Bu şekilde Seo Jun-Ho ölse bile en kötü sonuçtan kaçınabileceklerdi. Eğer Usta Yardımcısı da onunla birlikte ölürse öfke değil sempati görürlerdi.
“Ah, o zaman ben de seninle geleceğim!” hoş bir ses bağırdı.
“…?”
Kısa boylu bir Oyuncu Seo Jun-Ho'nun yanına koştu. Gong Ju-Ha'dan başkası değildi.
Jang Kyung-Hoon ona umutsuzca baktı. “Yüzbaşı Gong, ne yapıyorsunuz?”
“Ha? Ben cazibe merkezine gidiyorum. Neden?”
Gerçekten sorması gerekiyor muydu?
'Doğru unuttum. Ju-Ha bu çekiciliğe meydan okuyacaktı. Çok bariz bir şeyi unuttum.'
Jang Kyung-Hoon kendini tamamen kaybetmiş bir şekilde boğuk bir kahkaha attı.

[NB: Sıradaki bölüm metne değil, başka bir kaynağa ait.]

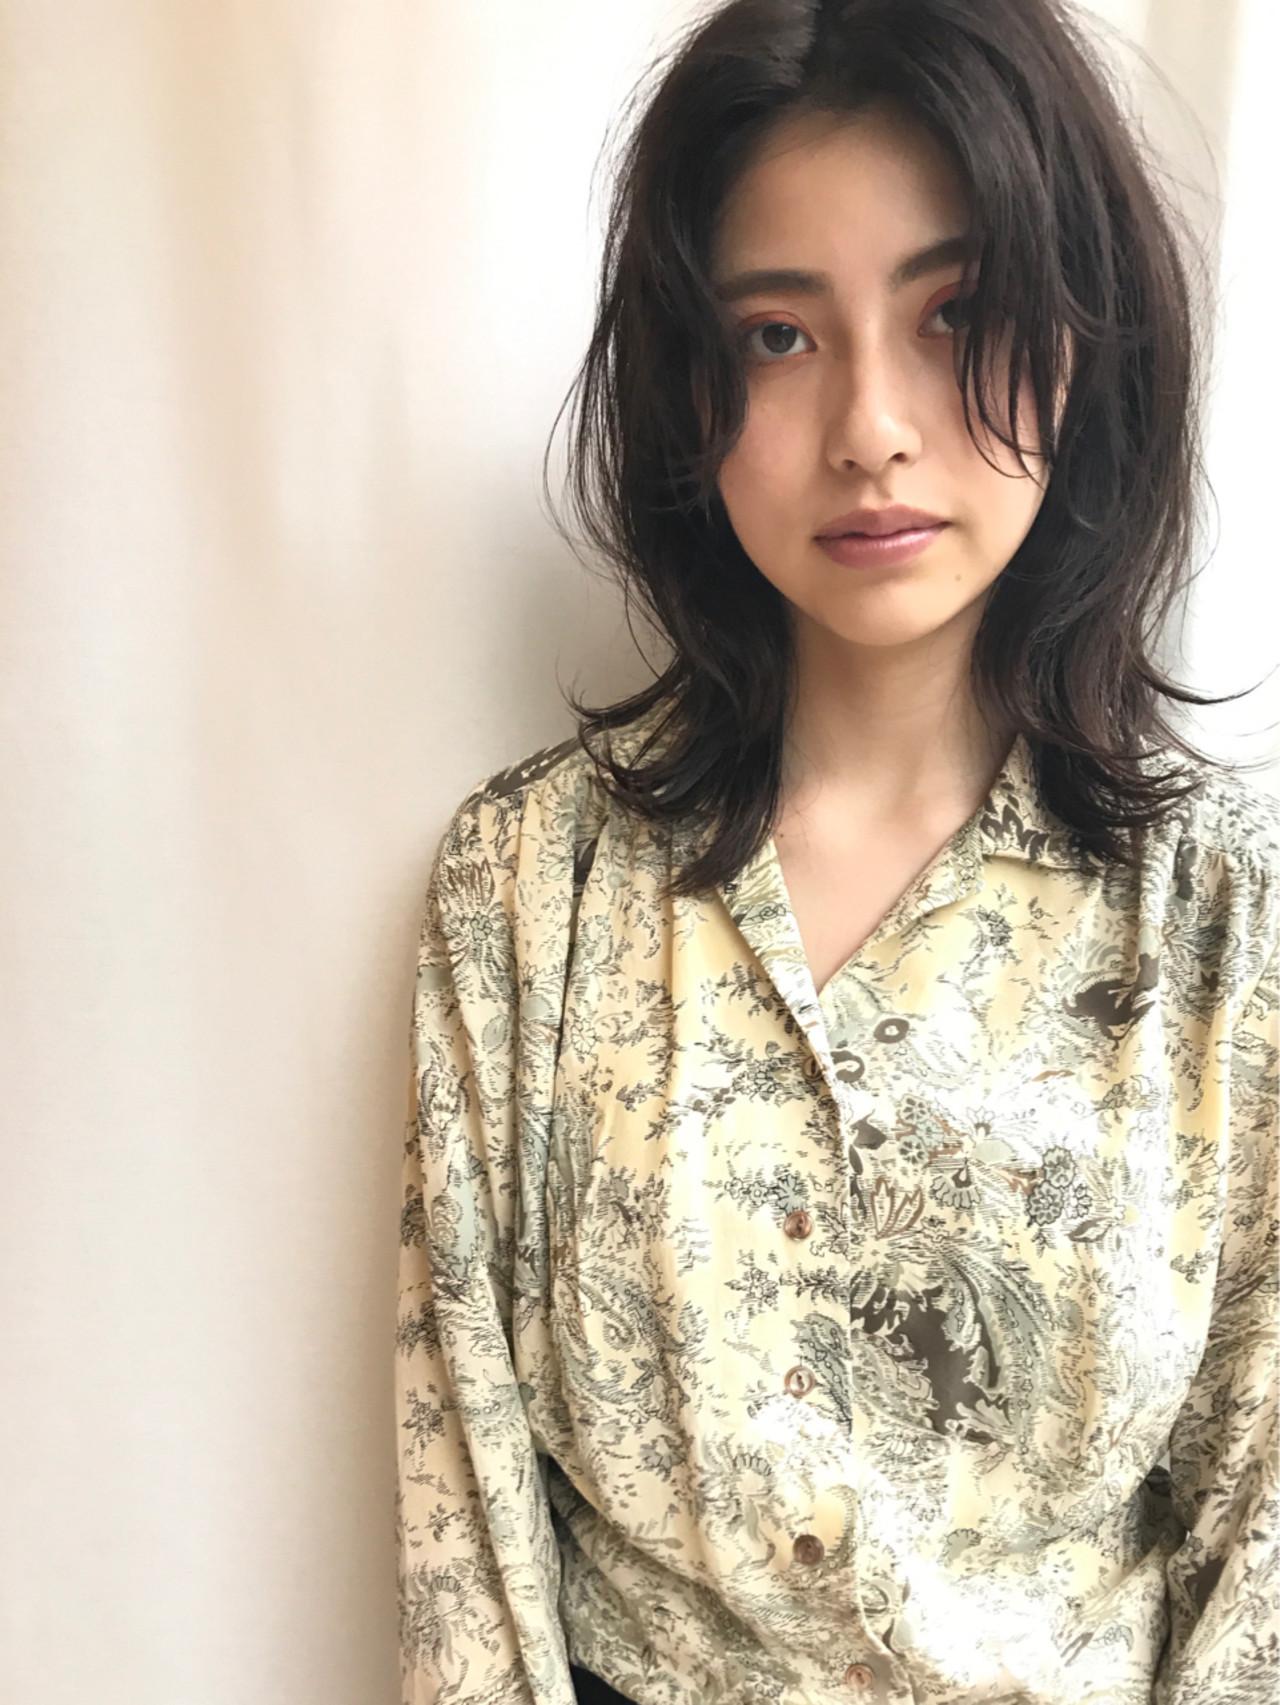 おすすめの前髪なしスタイル② 小走 祥菜 | tricca

Gong Ju-Ha yumruğunu Seo Jun-Ho'ya doğru uzattı. “Evet, yeniden bir takım oluşturuyoruz gibi görünüyor.”
“Öyle görünüyor...”
“Sadece bana güven. Seni tüm yol boyunca taşıyacağım.
“Tamam, bunu yapacağım” dedi Seo Jun-Ho, yumruğunu kendi yumruğuyla vurarak.
Bu bölüm Fenrir Scans tarafından güncellenmiştir.